A little reminder: before coming to power in 2009, the GERB had much grander European ambitions. To get Bulgaria into the Schengen area, and to save the country from the humiliating "mechanism for cooperation and verification" (MCV) that the country has been subject tosince its accession. In short, to make the Bulgaria a full member of the European family. But the opposite happened: Sofia has lost all hopes (and interest) in adopting the euro and joining the Schengen zone, at the cost of keeping in place indefinitely the MCV that reminds us that our country does not deserve to sit at the European table.

Any one-upmanship or jostling between the parties on the subject of Europe has also likewise vanished: no one party expects it can win the election by being "more European" than the others.

The proof is furnished by the main opposition party, the Bulgarian Socialist Party (BSP). The most amazing thing is that in his new job as president of the Socialist Europeans (PSE), the leader of the BSP, Serguei Stanichev, speaks a lot less about Europe before his Bulgarian voters than he used to. In his party’s programme for the May 12 elections there is only one tiny paragraph devoted to "Bulgaria in the EU and NATO": and that declares only the refusal to accept the idea of a "two-speed" Europe. For this, the programme continues, the economic gaps between the rich and poor regions of the union must be reduced.
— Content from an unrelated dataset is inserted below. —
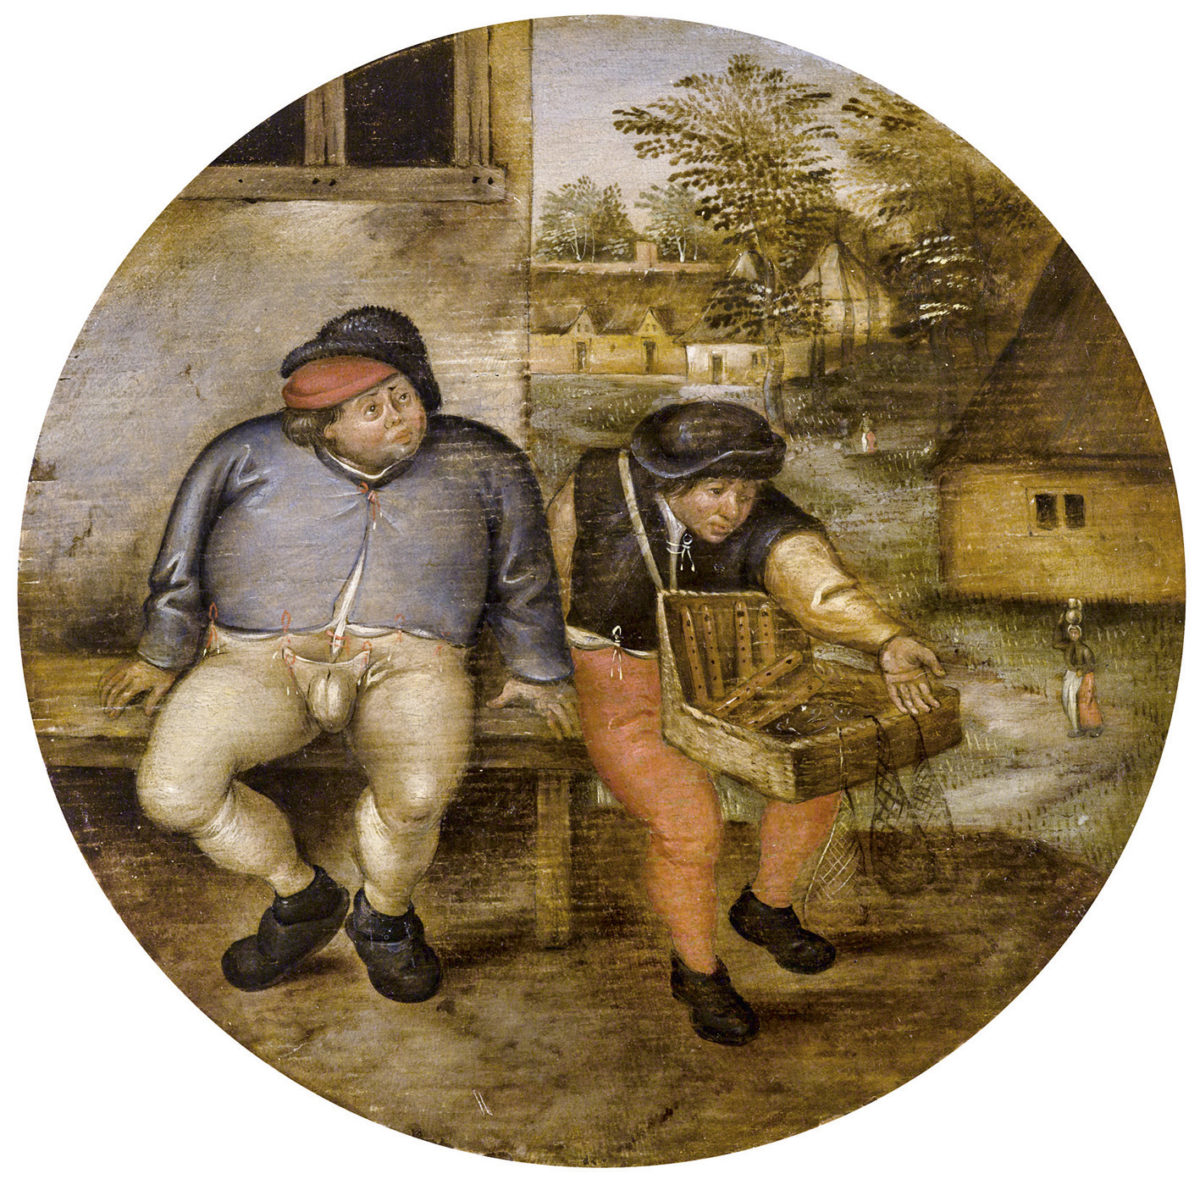 Pieter Brueghel II., Der dicke Bauer und Krämer auf einer Bank, Flämisches Sprichwort, Öl auf Holz, Tondo, Dm 18 cm, gerahmt. erzielter Preis: 216.784, Schätzwert 180.000 - 220.000 Euro

If the European idea has shrunk to this in the programme of the major parties, what about the small parties? For them, Europe has become microscopic, if not non-existent. The political party of former European Commissioner Meglena Kouneva, "Bulgaria for Citizens", promises us "31 things that will change our lives". The term "European" does not show up until item no. 28: to promote a programme to rehabilitate the old subsidised housing in the country, by the grace of – the reader willl understand this – European funds.

Threat to democracy

To be fair, it must be admitted that the subject of Europe appears clearly in the forefront of the proposals of the leader of the nationalist and xenophobic party Ataka, Volen Siderov. That party is approaching the May 12 election with a plan called “A New Path for Bulgaria,” which is far from being new but has only made it onto the party’s election platform now.
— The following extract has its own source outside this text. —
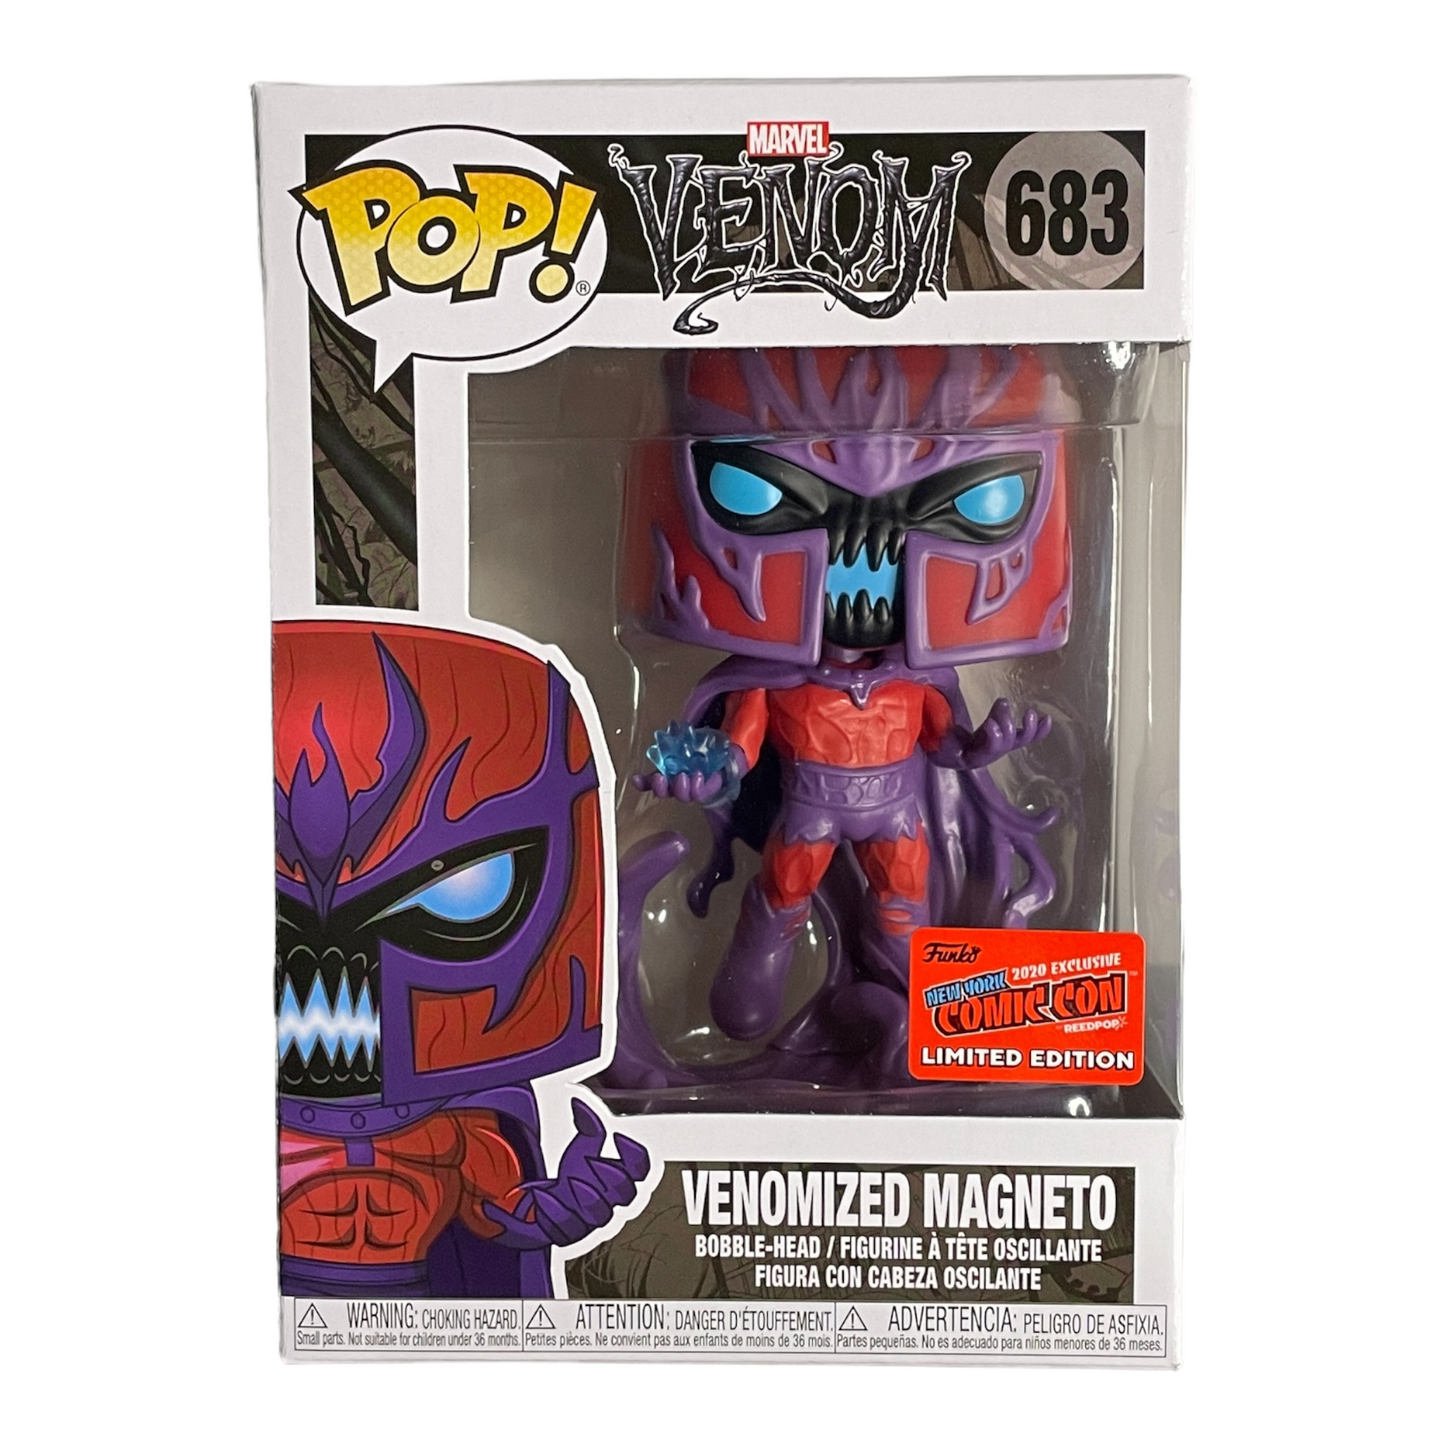 Venomized Magneto #683

A whole chapter is devoted to the question of keeping Bulgaria in the EU. The answer is there in the first sentence: “The bloc in its present form is a threat to democracy and the national sovereignty of member states.” After listing all the vices of the EU, Volen Siderov proposes a "general reorientation of the Bulgarian economy towards China, India, Brazil, Japan and Russia.”

And so, in the absence of anything else, the parties are offering us a virtual ramble across the world map, while expecting that the voters will hand them a ticket to get into Parliament – which remains the main tourist agency for Bulgarian politicians.